Mercado

Santa Catarina bate recorde e exporta 1,24 milhão de toneladas de carnes

Santa Catarina exportou 1,24 milhão de toneladas de carnes em sete meses, com alta em volume e receita puxada por frango e suínos.

20 de agosto de 2026 4 min de leitura
Santa Catarina bate recorde e exporta 1,24 milhão de toneladas de carnes

Santa Catarina alcançou 1,24 milhão de toneladas em exportações de carnes nos primeiros sete meses de 2026, o melhor resultado da série recente. O volume é cerca de 9% maior que o registrado no mesmo período de 2025 e garantiu uma receita de aproximadamente US$ 2,84 bilhões, com aumento superior a 12%. O desempenho reforça o estado como polo estratégico de proteína animal no Brasil.

O que aconteceu

As exportações catarinenses de carnes — com foco em frango e suínos — ganharam tração ao longo de 2026 e atingiram novo recorde no acumulado até julho. O crescimento combinou aumento de volume embarcado com melhora no faturamento em dólar, favorecido pela demanda internacional e por ajustes de preços.

Em julho, os embarques passaram de 186 mil toneladas, gerando cerca de US$ 425 milhões.
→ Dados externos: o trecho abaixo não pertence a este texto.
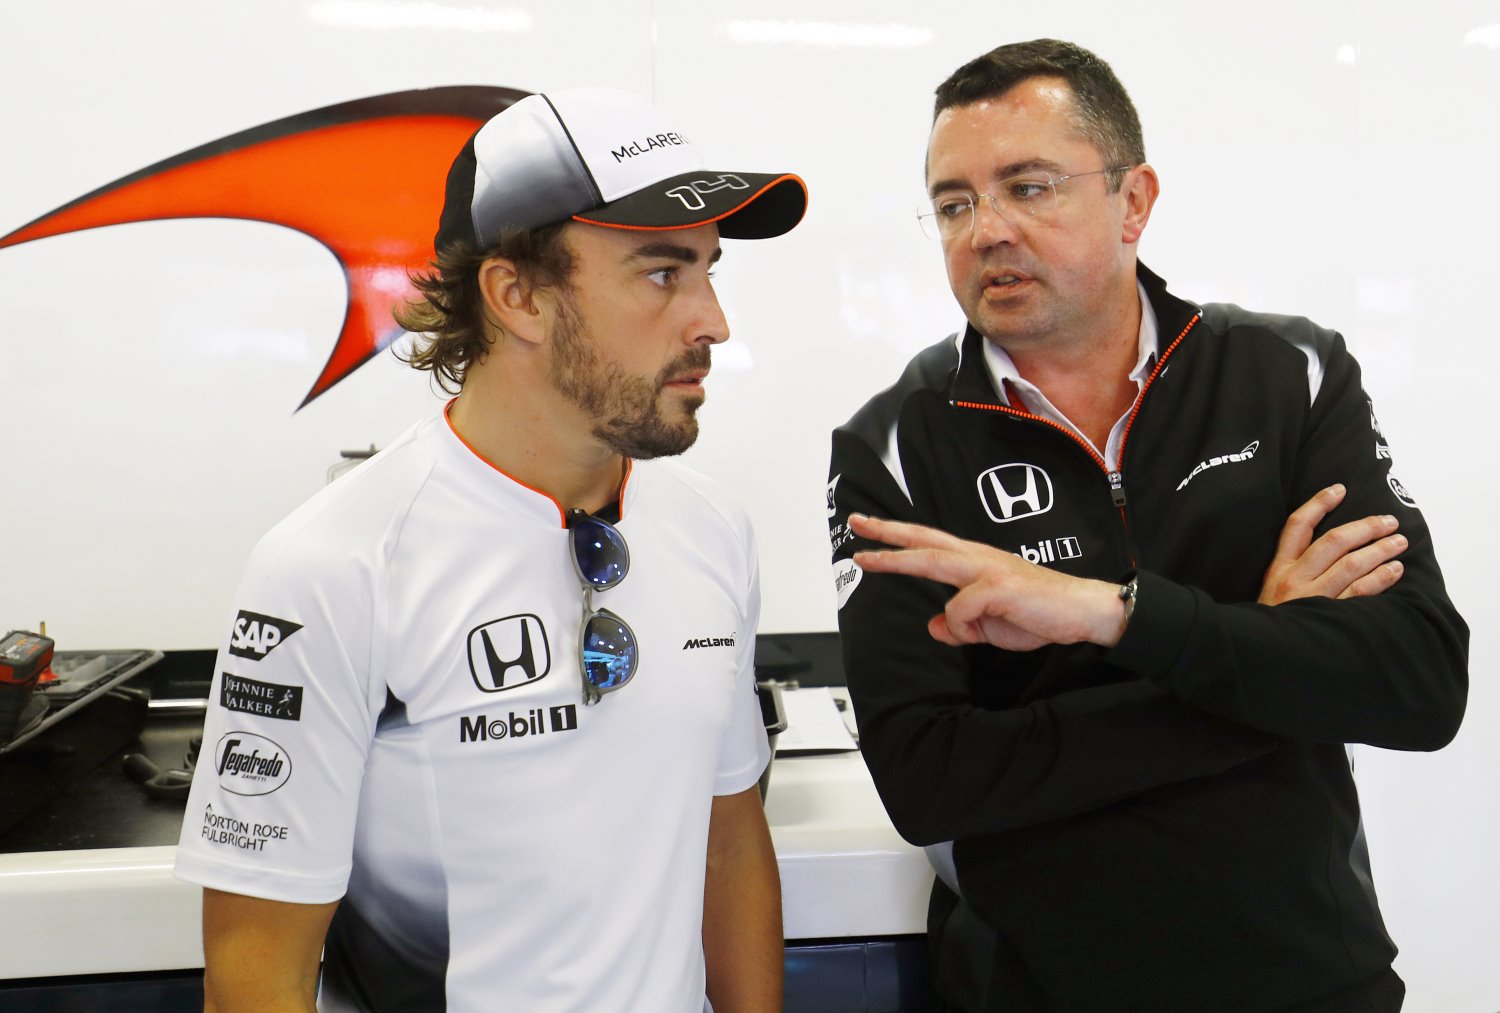 Alonso tells Boullier I need more power

A carne de frango liderou em quantidade, com algo em torno de 760 mil toneladas exportadas no ano, enquanto a carne suína respondeu por cerca de 437 mil toneladas e teve peso relevante na receita total.

A carne de frango respondeu pela maior parte do volume e apresentou alta próxima de 18% no faturamento, consolidando o produto como carro-chefe da pauta de exportações do estado. Já a carne suína concentrou grande parte da receita, mantendo Santa Catarina na liderança nacional desse segmento, apoiada em status sanitário diferenciado e acesso a mercados exigentes.

Por que importa para o agro

Para o produtor catarinense, o recorde de exportações significa mercado mais firme e maior escoamento da produção, especialmente para suínos e frango. A demanda externa ajuda a sustentar preços em momentos de oferta elevada e reduz a dependência exclusiva do consumo interno, o que é crucial para integradoras, cooperativas e independentes.

Na cadeia como um todo, o resultado reforça a importância dos investimentos em biosseguridade, sanidade animal e agroindústria. O desempenho positivo cria espaço para novos contratos, amplia a previsibilidade de plantas frigoríficas e encoraja projetos de expansão, mas também eleva a exigência por eficiência produtiva, gestão de custos e adequação às normas de bem-estar e exigências dos importadores.

Dados e contexto

Dados do Ministério do Desenvolvimento, Indústria, Comércio e Serviços (MDIC), sistematizados por instituições estaduais como a Epagri/Cepa e a CIDASC, indicam uma trajetória consistente de crescimento das exportações de carnes catarinenses nos últimos anos.

  • Exportações de carnes no acumulado até julho de 2026: 1,24 milhão de toneladas
  • Crescimento de volume em relação ao mesmo período de 2025: +9%
  • Receita aproximada: US$ 2,84 bilhões
  • Crescimento da receita em relação a 2025: +12,6%
  • Volume exportado em julho: mais de 186 mil toneladas
  • Receita em julho: cerca de US$ 425 milhões
A carne de frango se consolidou como a proteína mais embarcada, com cerca de 760 mil toneladas e faturamento próximo de US$ 1,62 bilhão no período, enquanto a carne suína respondeu por aproximadamente 437 mil toneladas e US$ 1,09 bilhão. Em nível anual, dados recentes da CIDASC e do Observatório Agro Catarinense mostram que Santa Catarina vem batendo recordes desde 2024, com embarques próximos de 2 milhões de toneladas de carnes e receita acima de US$ 4 bilhões.

Esse desempenho está ligado ao status sanitário diferenciado do estado, reconhecido como livre de febre aftosa sem vacinação pelo MAPA e pela Organização Mundial de Saúde Animal (OMSA), o que garante acesso a mercados de maior valor agregado. O perfil exportador é diversificado, com presença forte de destinos como Filipinas, China, Estados Unidos e outros países asiáticos e do Oriente Médio.

O que observar daqui pra frente

Para os próximos meses, o produtor e a indústria devem acompanhar de perto a demanda asiática, a evolução dos custos de ração (milho e soja, acompanhando dados da Conab e do USDA) e eventuais mudanças em barreiras sanitárias ou tarifárias. A continuidade do ritmo atual depende de manutenção do status sanitário, competitividade cambial e desempenho logístico, além da capacidade de a cadeia catarinense ajustar oferta, produtividade e contratos para aproveitar janelas de mercado sem perder margem.